Mas Hynes alertou que US$ 80 não serão suficientes para reequilibrar o mercado nos próximos três a seis meses, acrescentando que os preços provavelmente oscilarão em torno dos “baixos US$ 90” no terceiro trimestre.

“O mercado está simplificando demais as coisas”, disse ele. “O controlo do Irão sobre o Estreito será essencialmente uma questão contínua com a qual o mercado terá de lidar.

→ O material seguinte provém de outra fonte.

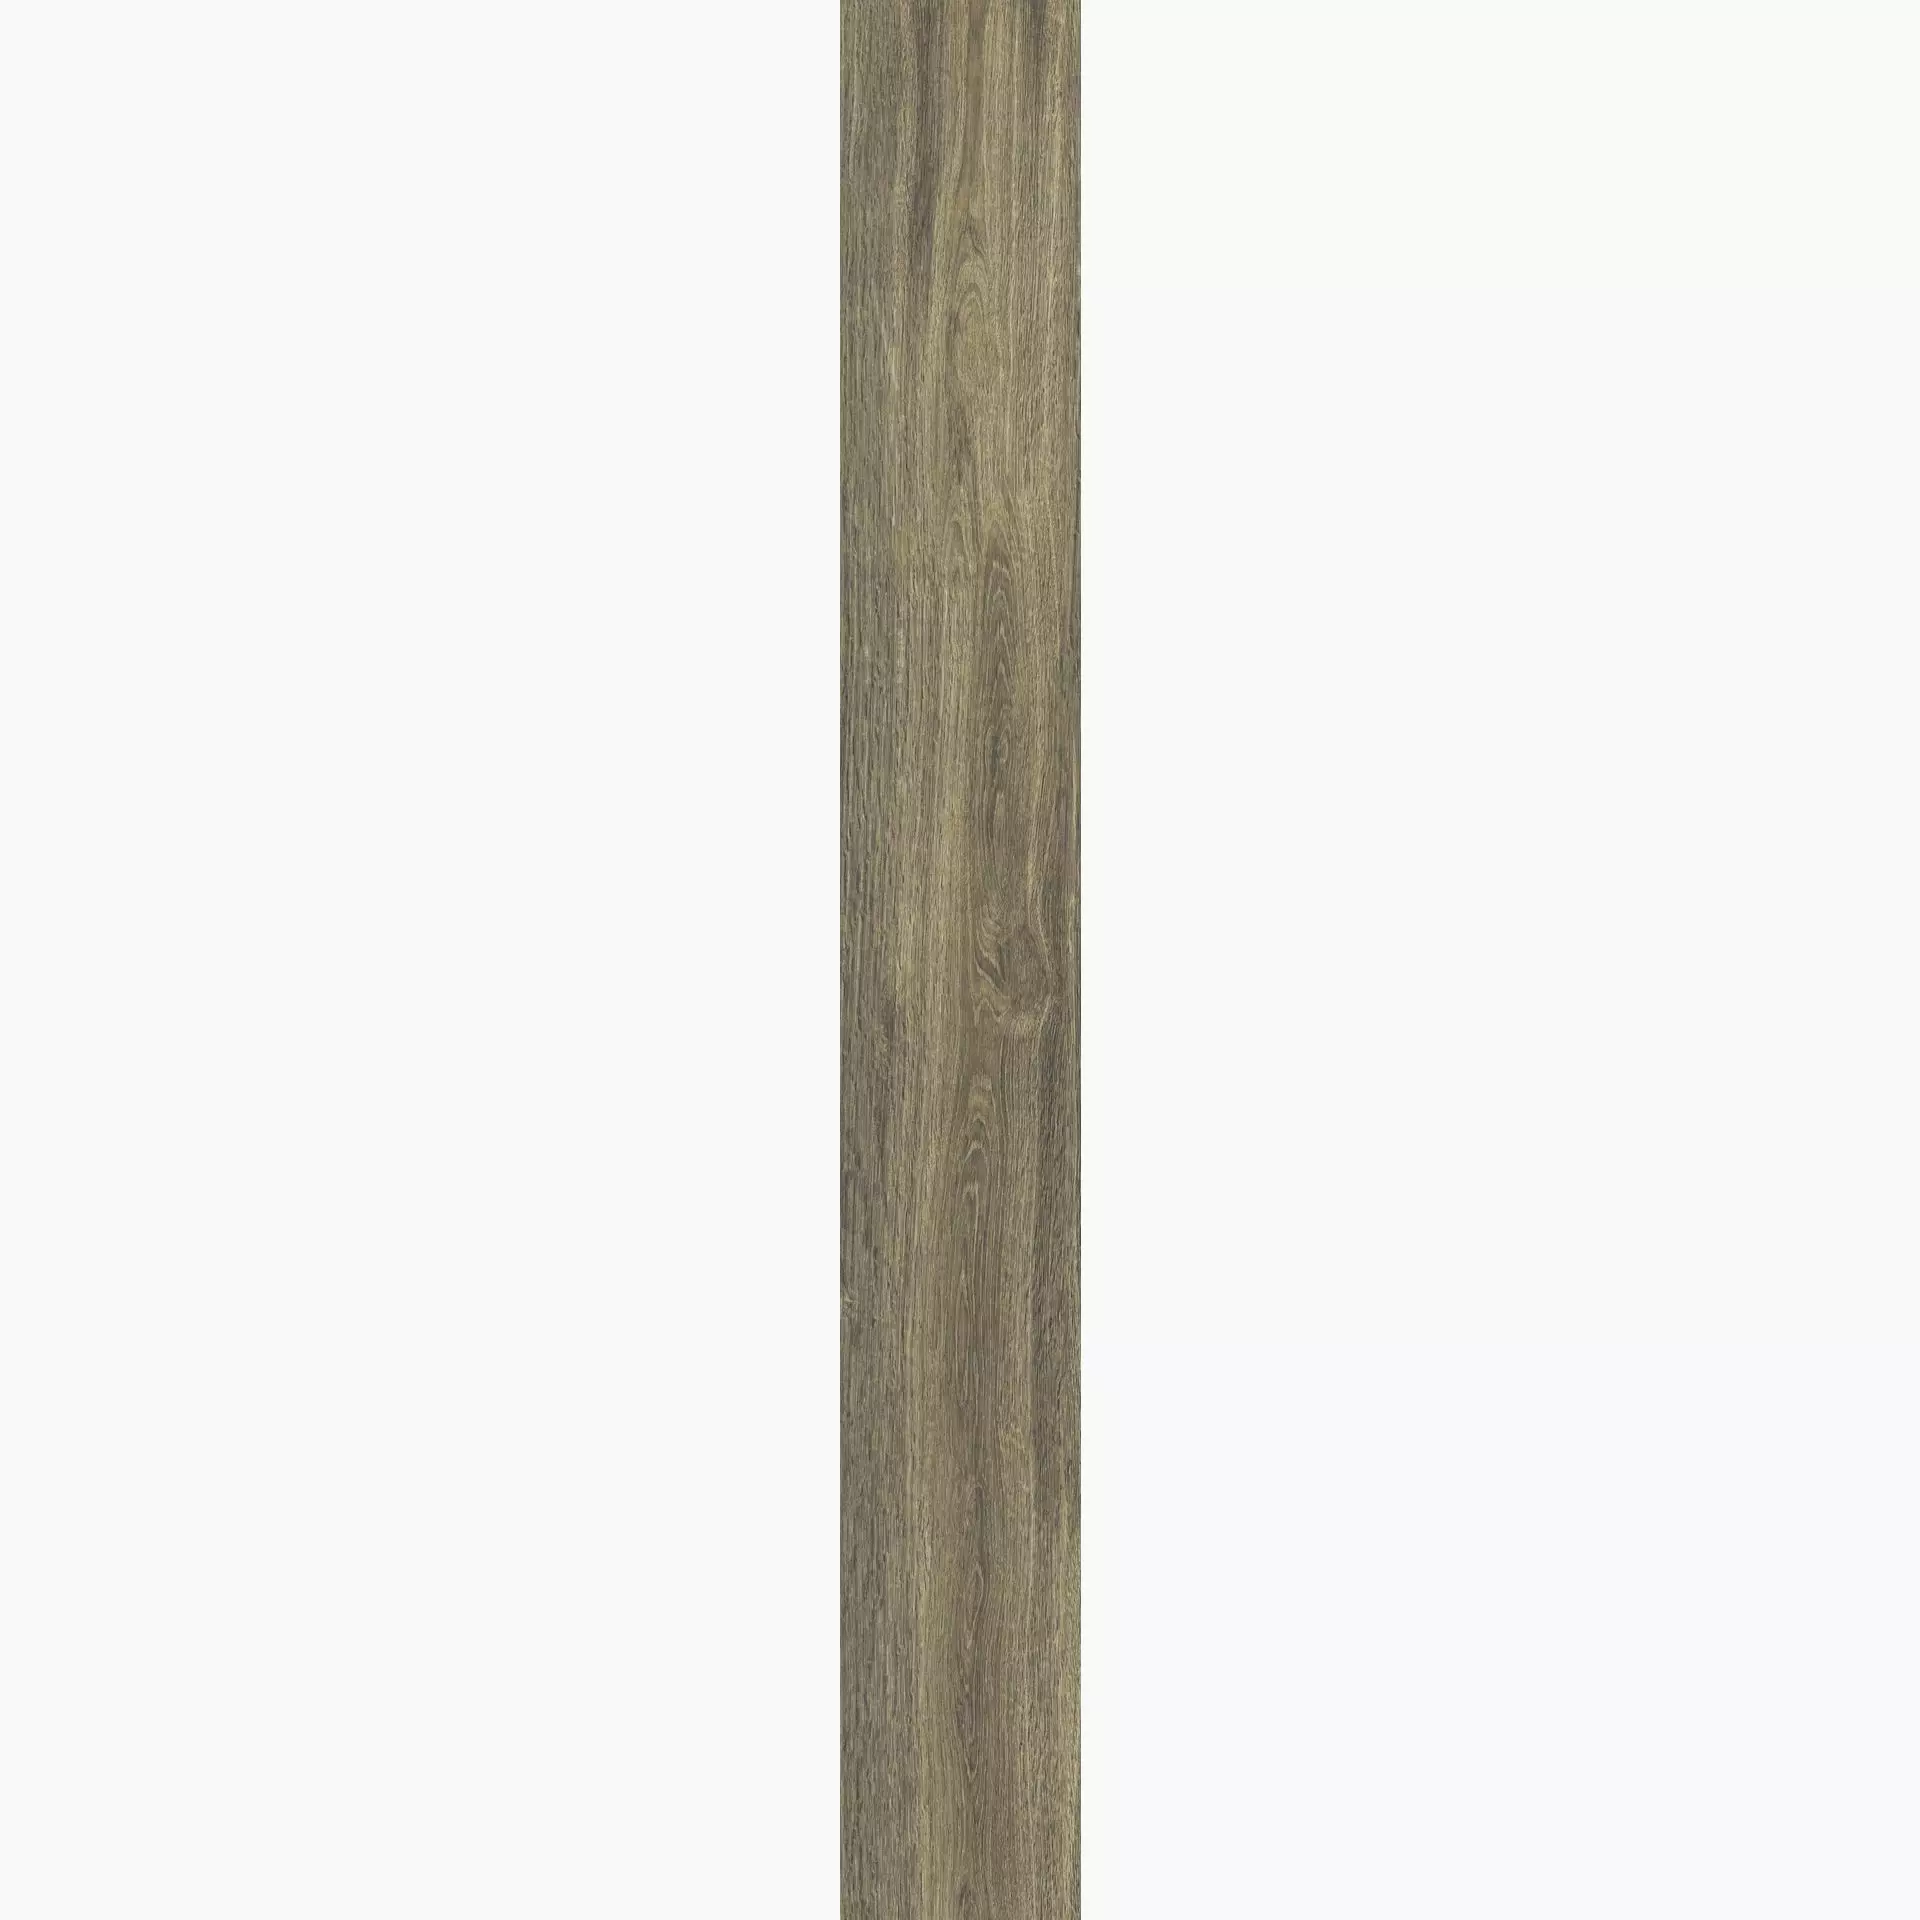 Casalgrande Planks Muschio Naturale – Matt 10930085 30x240cm rectified 6mm

Isso manterá os preços relativamente elevados… o mercado petrolífero enfrenta agora um prémio de risco geopolítico.”

Bart Melek, chefe world de estratégia de commodities da TD Securities, disse ao “Squawk Field Asia” da CNBC que, mesmo que os fluxos através do Estreito de Ormuz normalizassem imediatamente, 800 milhões de barris de estoques em novembro ainda seriam provavelmente perdidos.

Os preços mais elevados do petróleo ainda estão “muito previstos e todas as implicações inflacionistas que isso acarreta”, embora alguns picos maciços nos preços do petróleo possam ser evitados se a China decidir parar de recorrer aos seus shares em algum momento, disse Melek.

“O mercado está bastante aliviado por termos um acordo, mas acho que ainda não estamos fora de perigo”, acrescentou.

Os efeitos económicos do conflito no Médio Oriente já começaram a ter impacto nas partes mais vulneráveis ​​da economia, disse o Diretor World de Investimentos do HSBC Non-public Financial institution e Premier Wealth Willem Sels no programa “Squawk Field Asia” da CNBC.

Sels acrescentou que “dados económicos desafiadores, especialmente de países do Sul da Ásia”, poderão causar mais volatilidade.